In the Pink Strawberry Soup
2 c Water 
1 c Port wine (can also use white wine)
1/3 c Sugar 
2 tb Lemon juice 
1  Stick cinnamon 
4 c Strawberries, pureed 
1/4 c Sour cream 
1/4 c Whipping cream 
Pinch salt 
Fresh mint sprigs 
Dried strawberries for garnish

1.In saucepan, stir together water, port/wine, sugar, lemon juice and the cinnamon stick. Bring to boil and boil, uncovered, over medium-high heat for 10 minutes, stirring occasionally. 
2.Stir in pureed strawberries; reduce heat and simmer for 5 minutes. 
3.Discard cinnamon stick and let mixture cool at room temperature.
Whisk in sour cream. 
4.Beat together cream and salt until stiff; fold into soup. Cover and chill for 4 hours or overnight.
5.Serve in dessert glasses or highball glasses. Garnish each serving with fresh mint and dried strawberries.


----------



## luvs (Jan 27, 2005)

kansas, the in the pink soup sounds really tasty. looks like i'd better stock up on dried fruits if i'm gonna try all of these recipes, lol.


----------



## norgeskog (Jan 27, 2005)

kansasgirl said:
			
		

> These are two good ones you might like. I see no problem in subbing other dried fruits (I have used cherries and figs) to suit your tastes.
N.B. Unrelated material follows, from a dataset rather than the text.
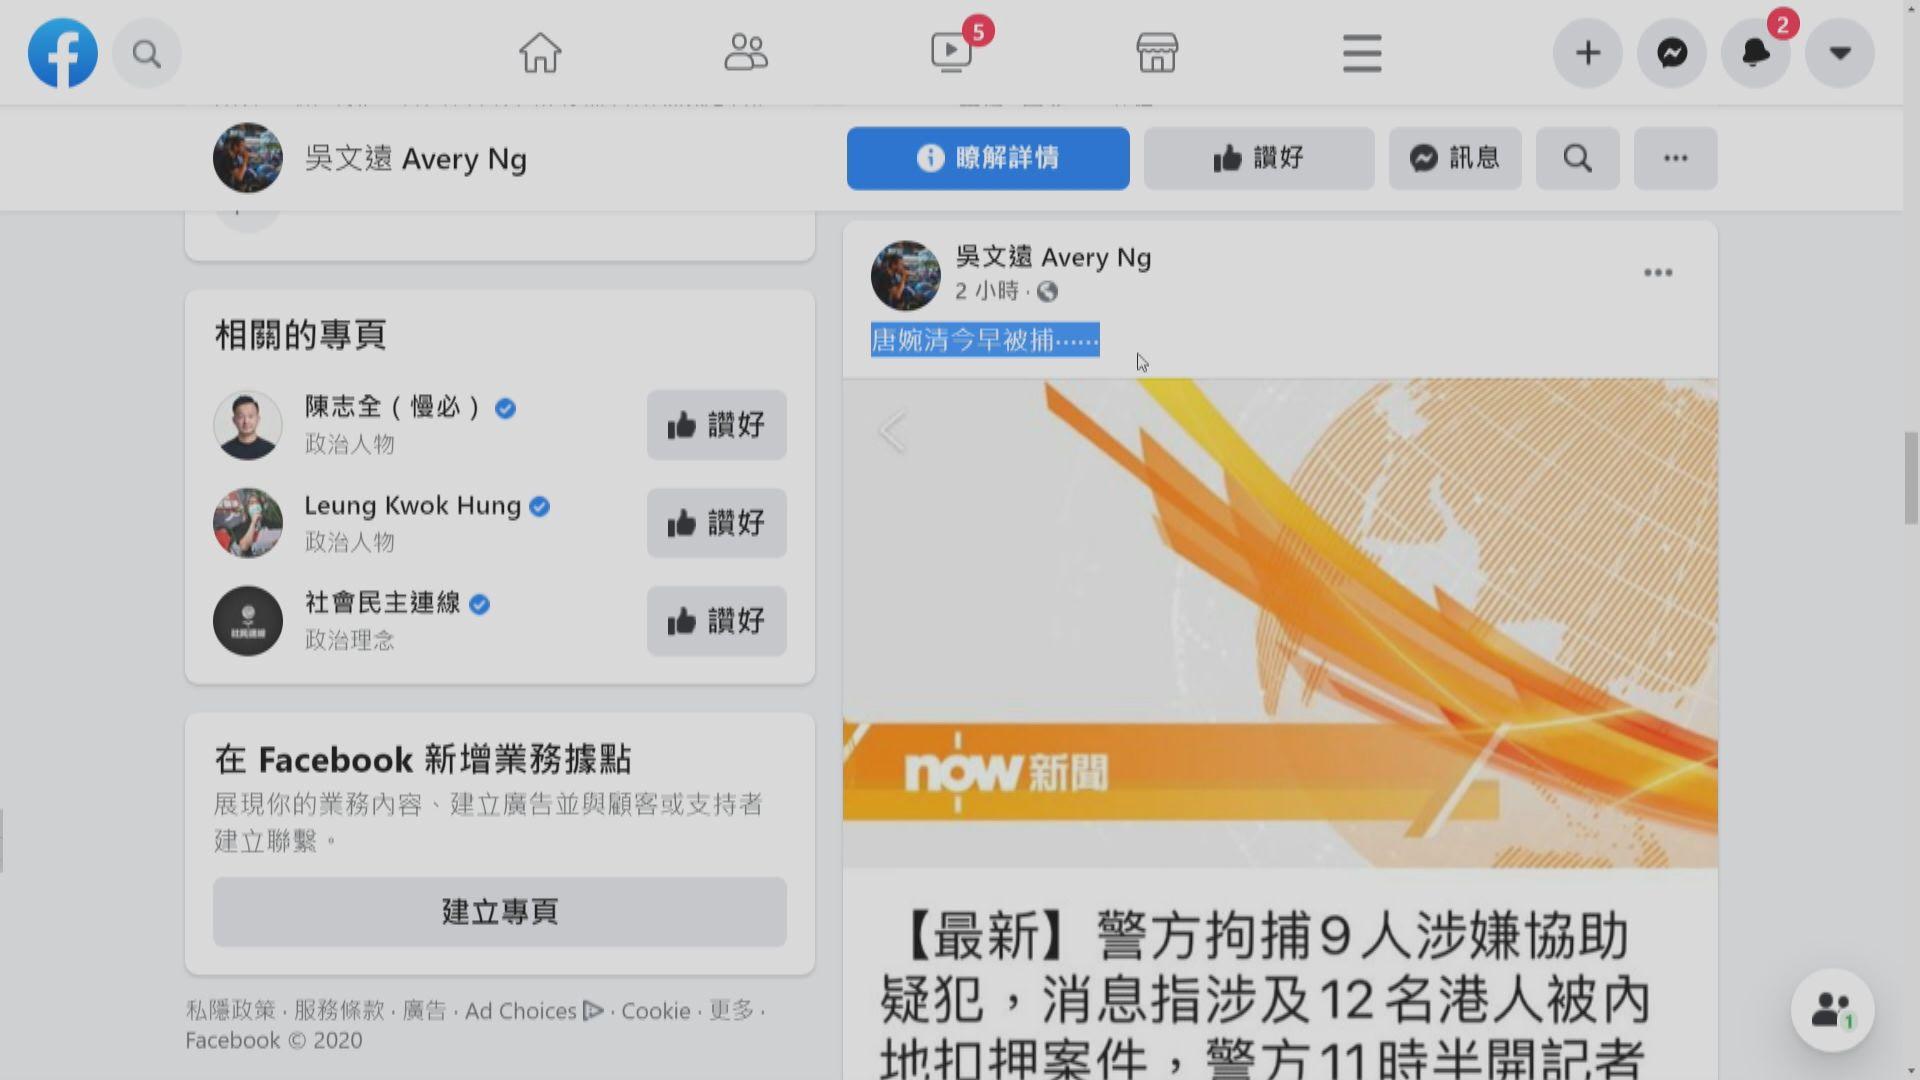 吳文遠:梁國雄前助理唐婉清涉助12港人偷渡被捕

kansasgirl, that is the same recipe my mom used but in my family it was Norwegian fruit soup    BTW did you see my post about the tomatoe basil salad dressing recipe I got from you?  I love that, it was so good I almost poured it into a glass and added ice.  My  new favorite salad dressing.  Thanks again.


----------



## kansasgirl (Jan 27, 2005)

I did see the post and I am so glad it suited you! I sometimes sub part of the basil with other herbs (mint, cilantro, parsley) for a different taste.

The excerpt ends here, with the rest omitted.